Data segment =>
★ ★ ★ ★ ★

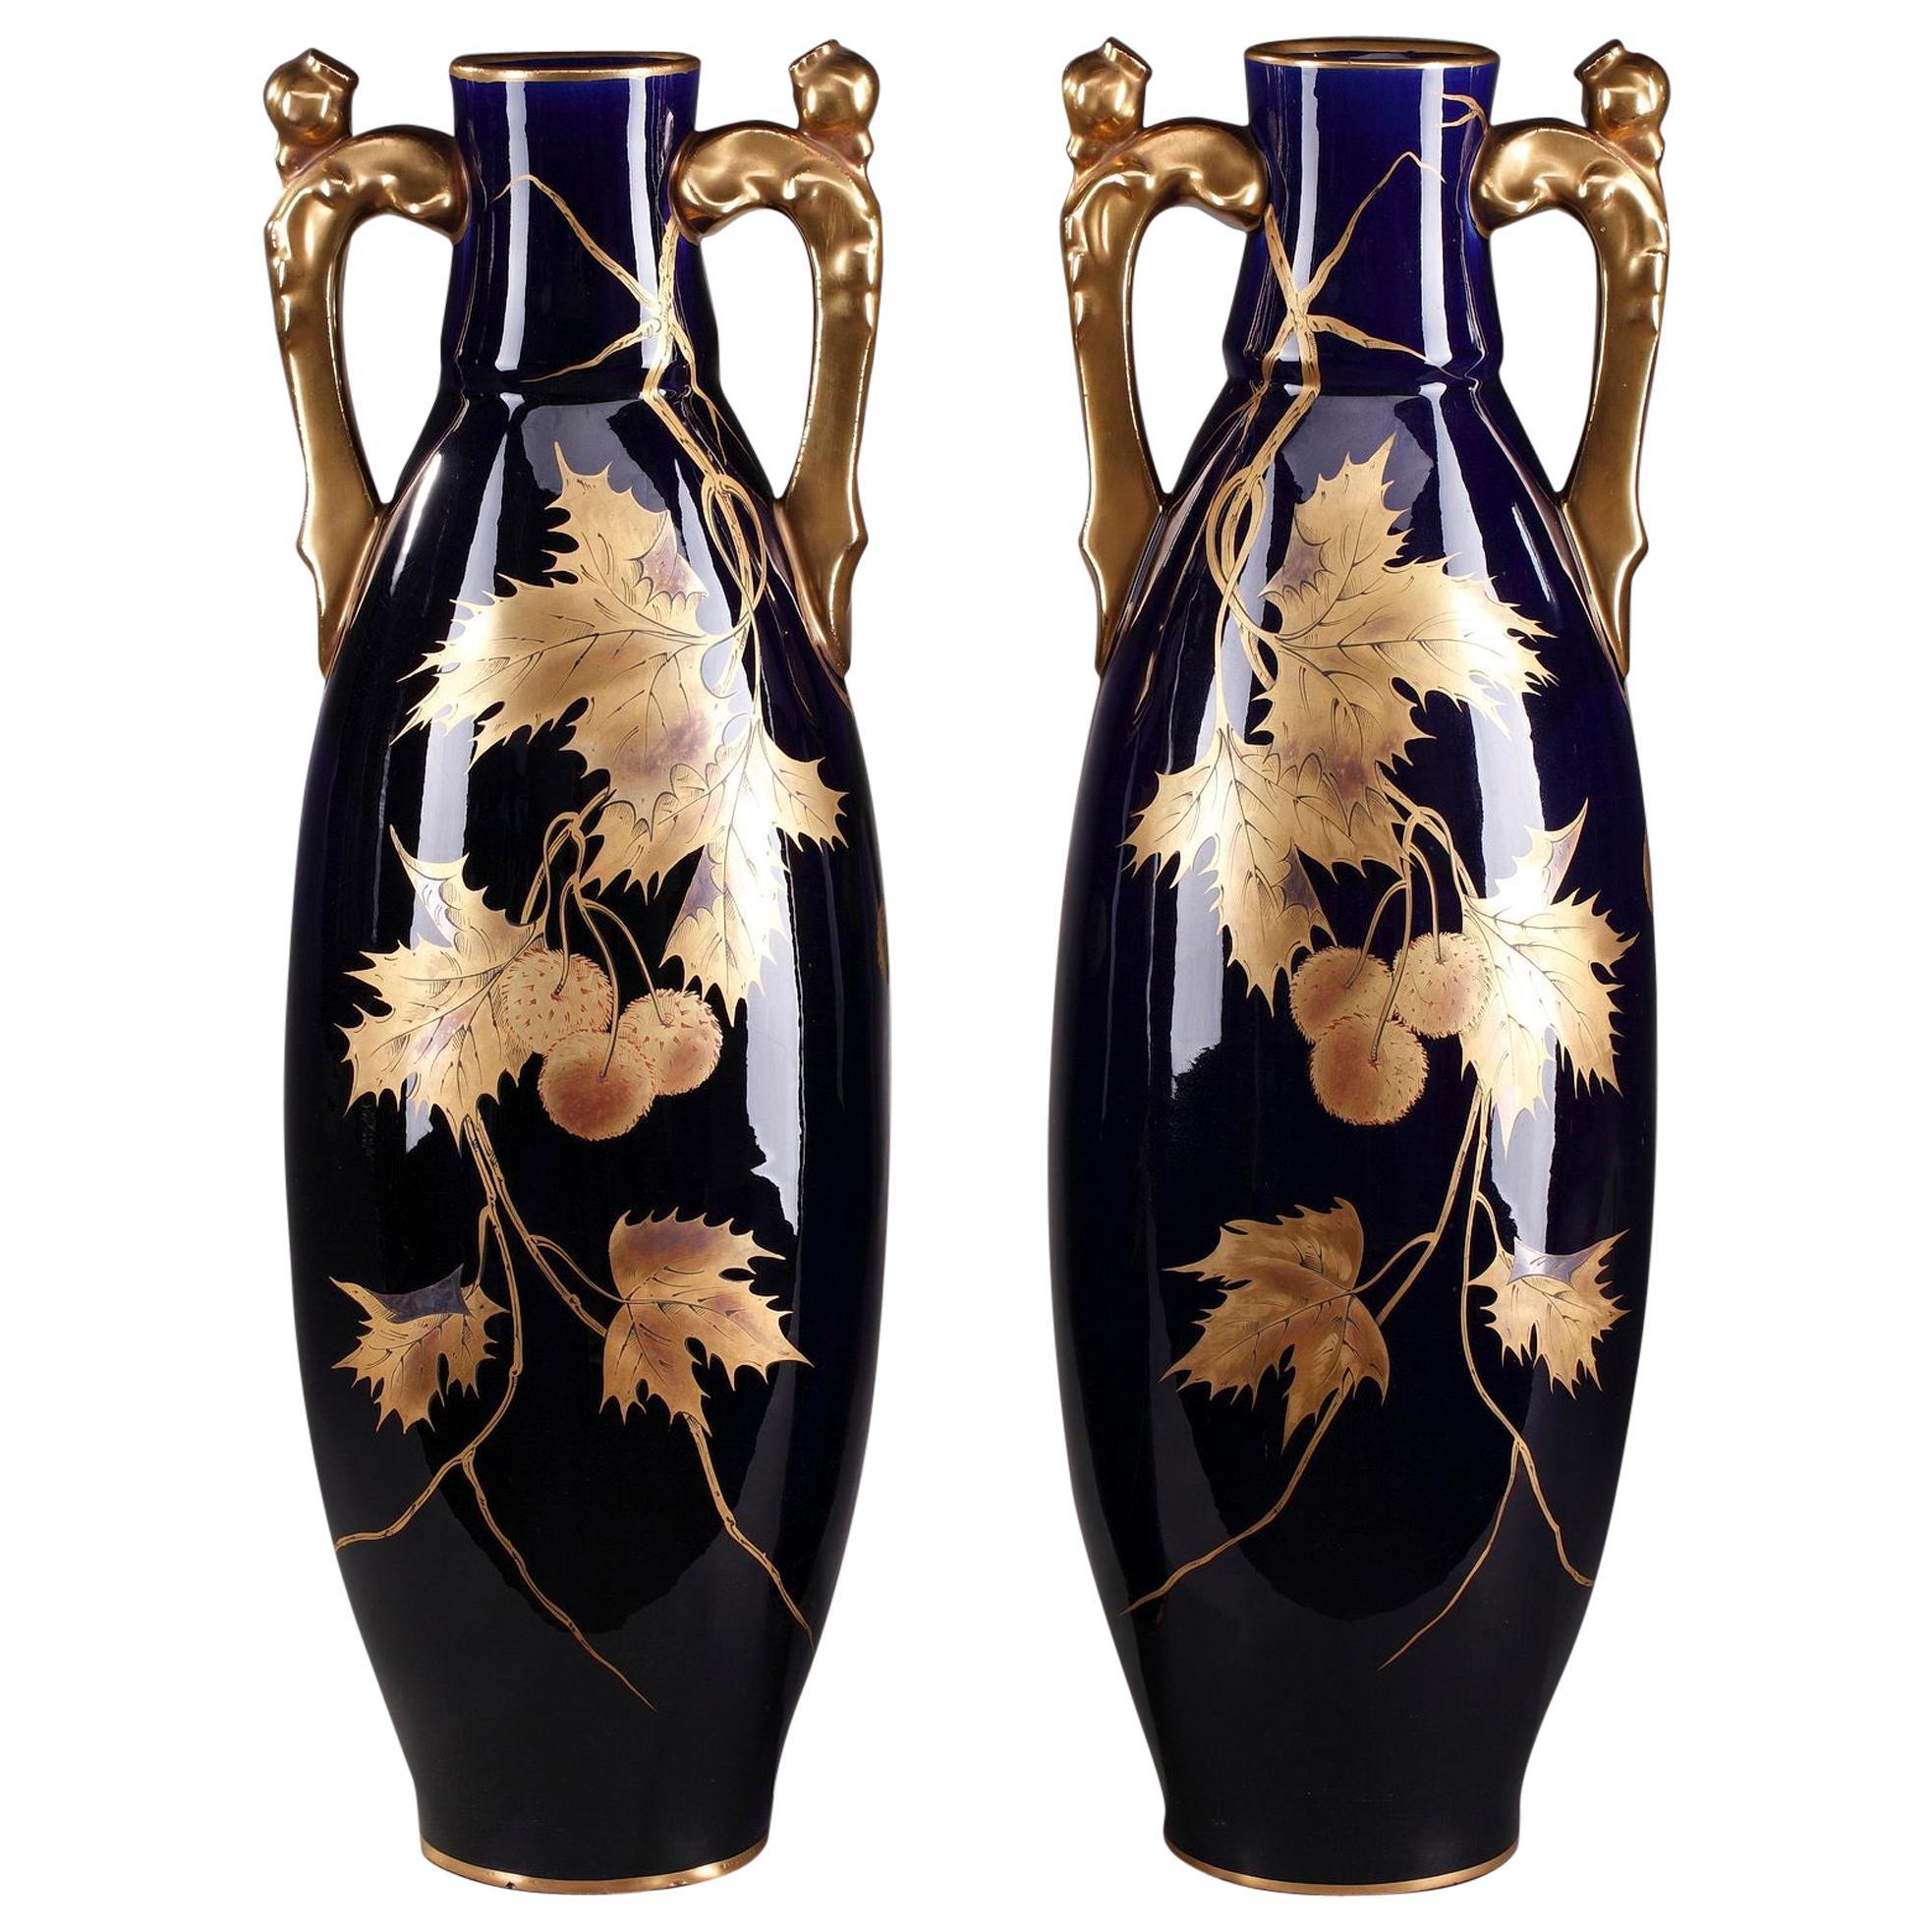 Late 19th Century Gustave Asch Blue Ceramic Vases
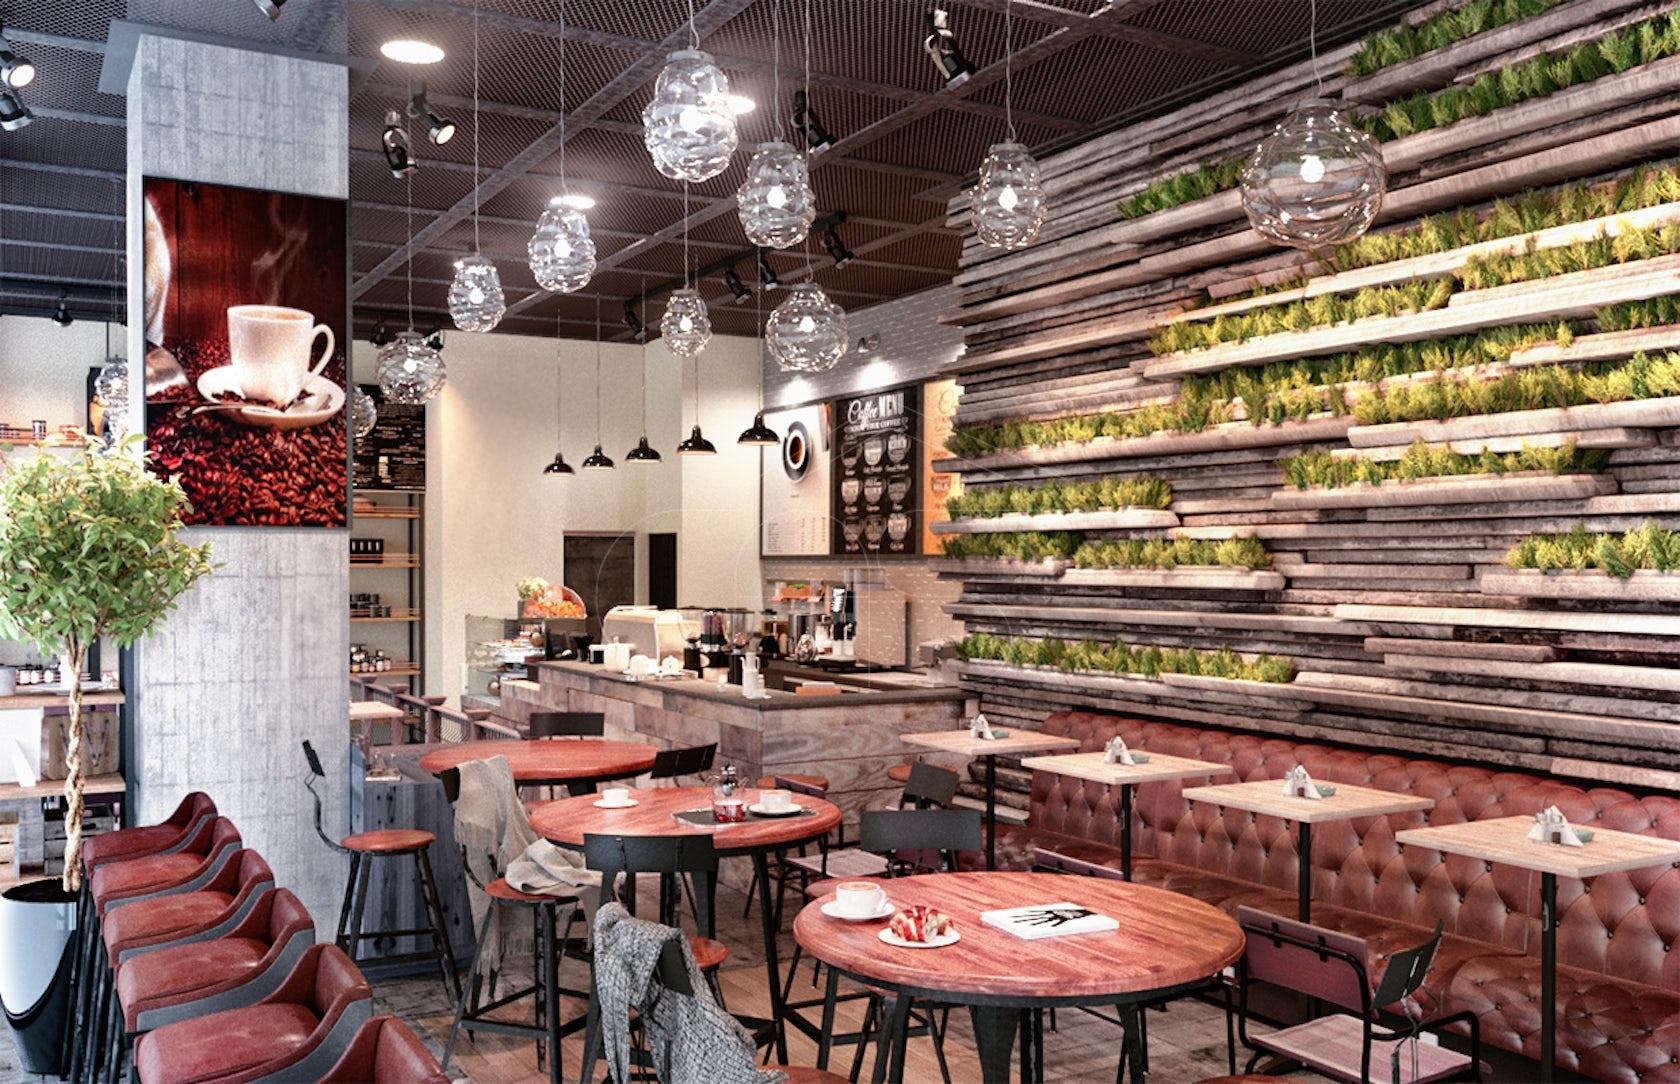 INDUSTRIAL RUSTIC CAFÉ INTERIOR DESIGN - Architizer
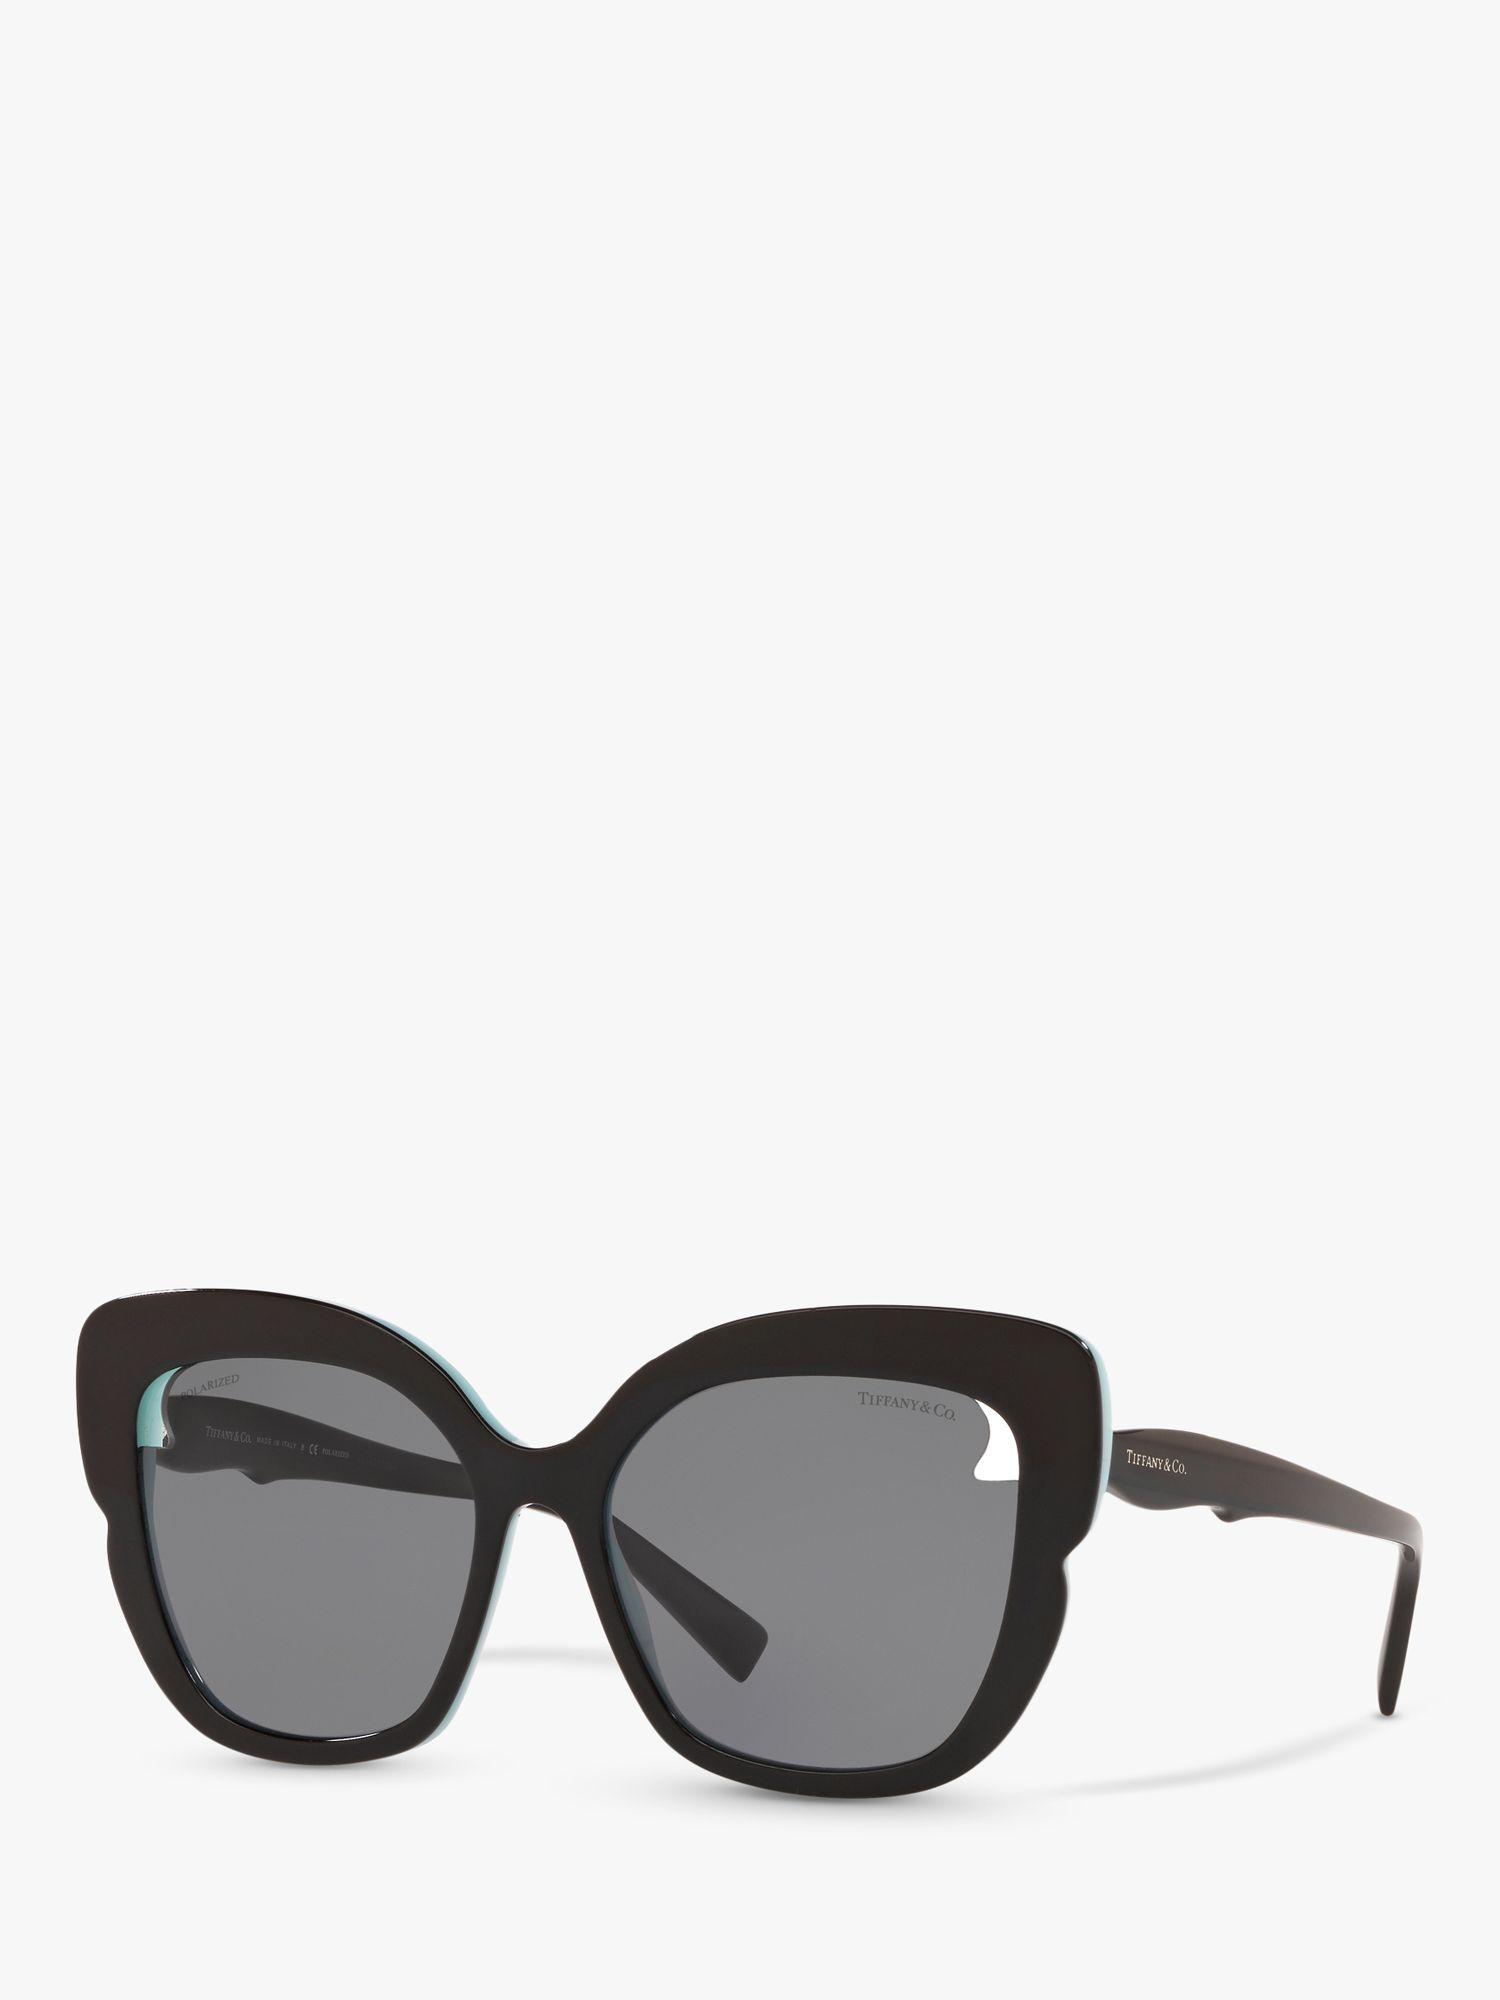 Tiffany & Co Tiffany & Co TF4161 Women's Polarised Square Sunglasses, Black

★ ★ ★ ★ ★

Your assignment => Pictures are to be omitted from the copy. Reproduce exactly, and only, the lines from the one containing "INDUSTRIAL RUSTIC CAFÉ" to the end of the listing above.

Task answer =>
 INDUSTRIAL RUSTIC CAFÉ INTERIOR DESIGN - Architizer
 Tiffany & Co Tiffany & Co TF4161 Women's Polarised Square Sunglasses, Black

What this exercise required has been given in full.